Ray Brook native caps of historic luge season
- Ray Brook native Sophie Kirkby, behind, and Chevonne Forgan of Chelmsford, Massachusetts, celebrate after a run in the mixed doubles FIL Luge World Cup event in Lillehammer, Norway in December. (Provided photo — FIL/Michael Kristen)

Ray Brook native Sophie Kirkby, behind, and Chevonne Forgan of Chelmsford, Massachusetts, celebrate after a run in the mixed doubles FIL Luge World Cup event in Lillehammer, Norway in December. (Provided photo — FIL/Michael Kristen)
LAKE PLACID — Sophia Kirkby walked into Origin Coffee Co. on Tuesday, with her own mug. She made it herself and was glad to show it off.
It was a complete contrast from nearly a year ago, when the Ray Brook native, who competes on the women’s national luge team, found out her father, Jim, had cancer.

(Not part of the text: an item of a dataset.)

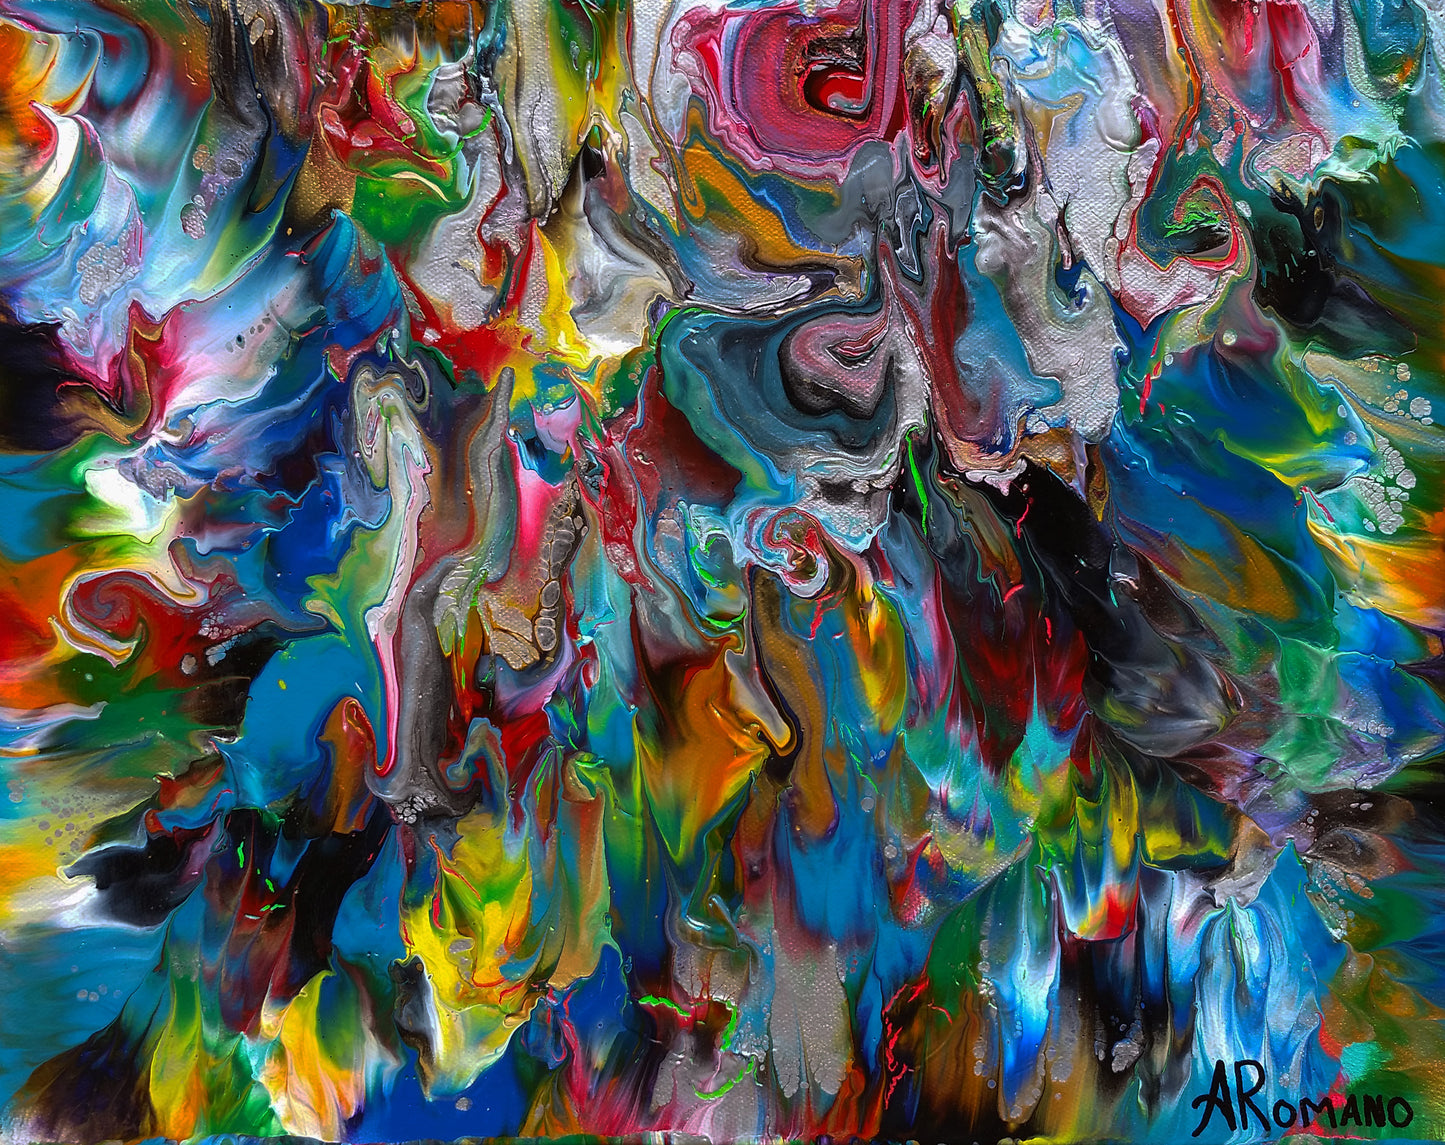 Psychedelic-Garden-Original-art-buy-Abstract-Fluid-Painting-Colorful-Art-Happy-Floral-acrylics

She admits that her father is the sole reason she got into the sport, so when he ultimately died a couple of months later, life became tough. She struggled to sleep and eat, all while training for luge.
“I just felt so fatigued, and I didn’t lift as much as I normally do in the summer,” Kirkby said. “I would even take Wednesdays off because I was too weak and skinny.”
But in August, something just clicked. Kirkby doesn’t exactly know what happened, but she’s glad it did.
She is now coming off a historic luge season that resulted in her, alongside her doubles partner Chevonne Forgan, placing third overall in the FIL World Cup standings. They became the only women’s doubles team from the United States to ever do so, since the sport was added to the World Cup circuit in 2021.
“My dad would have been so proud,” Kirkby said, who is now training for the upcoming Milano-Cortina Olympic Winter Games.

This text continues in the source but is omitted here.